Active Projects
Stimulation to Improve Memory
Overview
Stimulation to Improve Memory (STIM) assesses the effects of HD-tDCS on memory and thinking abilities in those diagnosed with mild cognitive impairment (MCI) and dementia of the Alzheimer’s type (DAT), with the aim of determining how much stimulation is necessary to enhance memory and thinking abilities, and which individuals would benefit most from this treatment. The study includes a minimum of 9 visits at the University of Michigan involving cognitive testing, HD-tDCS, functional magnetic resonance imagining (fMRI), and positron emission tomography (PET) imaging.
Eligibility Criteria
Adults age 55+
Memory concerns or official diagnosis of MCI or DAT
Stable on all medications for at least 4 weeks prior to participation
English speaking (as the preferred language)
fMRI compatible
Exclusionary Criteria
History of severe psychiatric conditions (bipolar disorder, schizophrenia, etc.)
History of other neurological conditions (epilepsy, stroke, traumatic brain injury, etc.)

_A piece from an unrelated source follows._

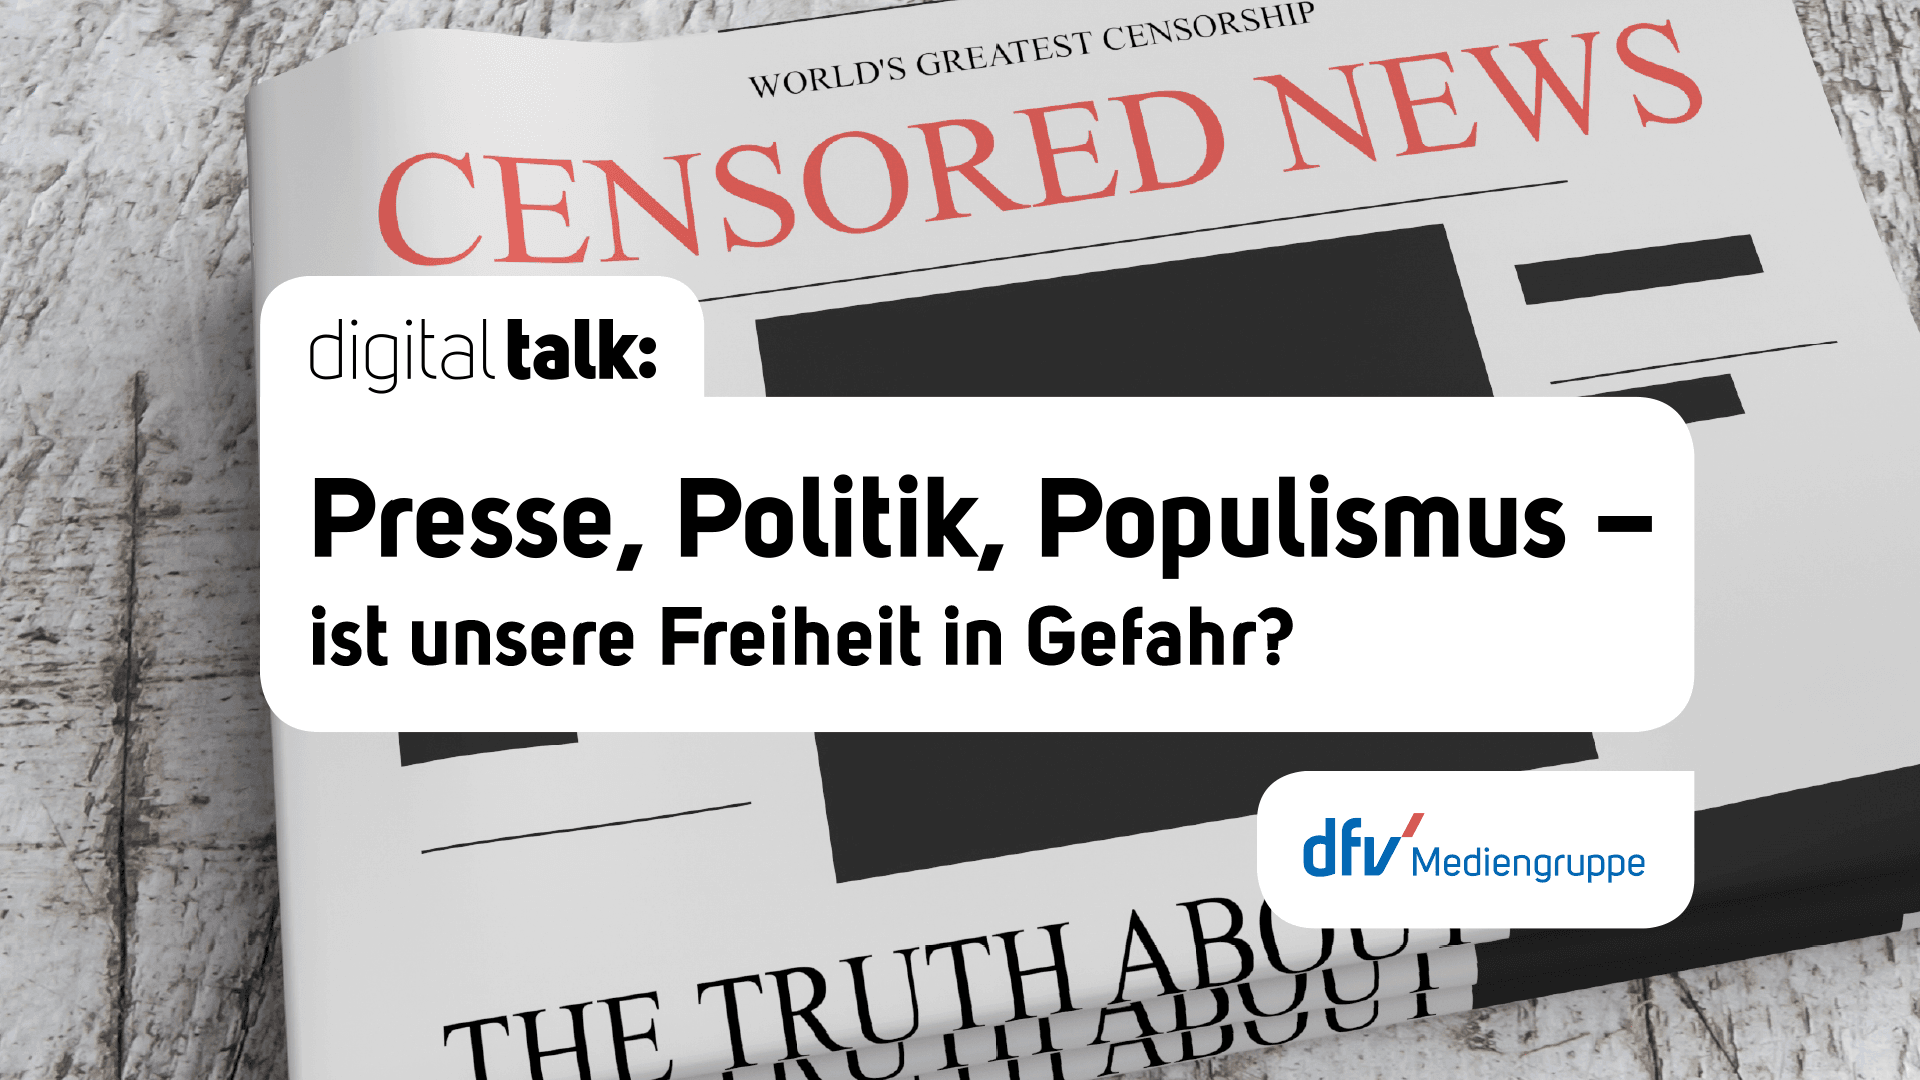 Den Digital Talk "Presse, Politik, Populismus - ist unserer Freiheit in Gefahr?" der dfv Mediengruppe gibt es zum Nachschauen.

Sensory impairments that limit the ability to see or hear
History of (or current) drug or alcohol abuse/dependence
How to Participate
If you are interested in participation, or have questions regarding how to participate, contact:
Stephen Schlaefflin, B.S.
Telephone: (734) 936-7360
Email: schlst@med.umich.edu
To see the visit schedule click here.
You can read more about the STIM study on the U.S. Clinical Trials website.
STIM+: PET Biomarker Education & Disclosure
Overview
When dementia is caused by AD, we refer to it as dementia of the Alzheimer's Type (DAT). The greatest risk factor for Alzheimer's Disease (AD) and DAT is advancing age, but DAT is not a normal part of aging. Studies have shown that changes in the brain happen before full symptoms of DAT develop. These changes include a buildup of two proteins within the brain, called amyloid and tau. STIM+: PET Biomarker Education & Disclosure (STIM+) aims to determine whether patients with mild cognitive impairment or dementia-Alzheimer's type (DAT) are able to demonstrate decisional capacity to engage in PET amyloid and tau disclosure after receiving education and assess how patients and care partners react to PET amyloid and tau biomarker disclosure. The study includes a minimum of one visit at the University of Michigan or via Zoom involving education about PET scans, AD, DAT, and learning the risks and benefits of one’s personal PET results. In an effort to reduce in-person contact during the COVID-19 pandemic, some research-related activities may take place at your home (telephone or video).
Eligibility Criteria
Adults age 55+
Memory concerns or official diagnosis of MCI or DAT
English speaking (as the preferred language)
Completion of a parent study in which the participant completed a PET scan with amyloid and/or tau tracer success.
Demonstrates decision-making capacity to engage in PET disclosure, or has a care partner in attendance that demonstrates decision-making capacity for the participant to engage in disclosure
If diagnosed with DAT: must have a cognitively intact study partner (i.e., their care partner)
If diagnosed with MCI: strongly recommended to have a cognitively intact study partner (i.e., their care partner)
Exclusionary Criteria
Active diagnosis of moderate depression or anxiety without treatment
Newly diagnosed neurologic disease (since completion of Stimulation to Improve Memory Study activities)
How to Participate
If you are interested in participation, or have questions regarding how to participate, contact:
Mary Lesniak, B.A.
Telephone: (734) 764-7402
Email: marles@med.umich.edu
You can read more about the STIM+ study on the U.S. Clinical Trials website.
Brain Behavior Characterization
Overview
Brain Behavior Characterization (BBC) addresses the RP-CNBI’s emphasis on improving early detection and characterization associated with brain injury / disease by using multiple methods to characterize participants with the fundamental goal of understanding the reason(s) for their cognitive impairment. This study integrates neuropsychological testing and both structural & functional neuroimaging to help understand the potential reason(s) for cognitive decline across the Alzheimer’s Disease / Alzheimer’s Disease-related dementia (AD/ADRD) spectrum. This multi-method characterization will yield important new information about the clinical manifestations of AD/ADRD and is designed to improve diagnostic efforts in those with AD/ADRD.
This study includes functional magnetic resonance imaging (fMRI), positron emission tomography (PET) imaging, and neuropsychological testing. It focuses on those across the AD/ADRD spectrum, which ranges from cognitively intact adults to those in the moderate stage of dementia. Enrollment is open to both sexes and all racial/ethnic groups.
Eligibility Criteria
Age 50 or older
If undergoing MRI, participants must be MRI compatible (via the American College of Radiology guidelines)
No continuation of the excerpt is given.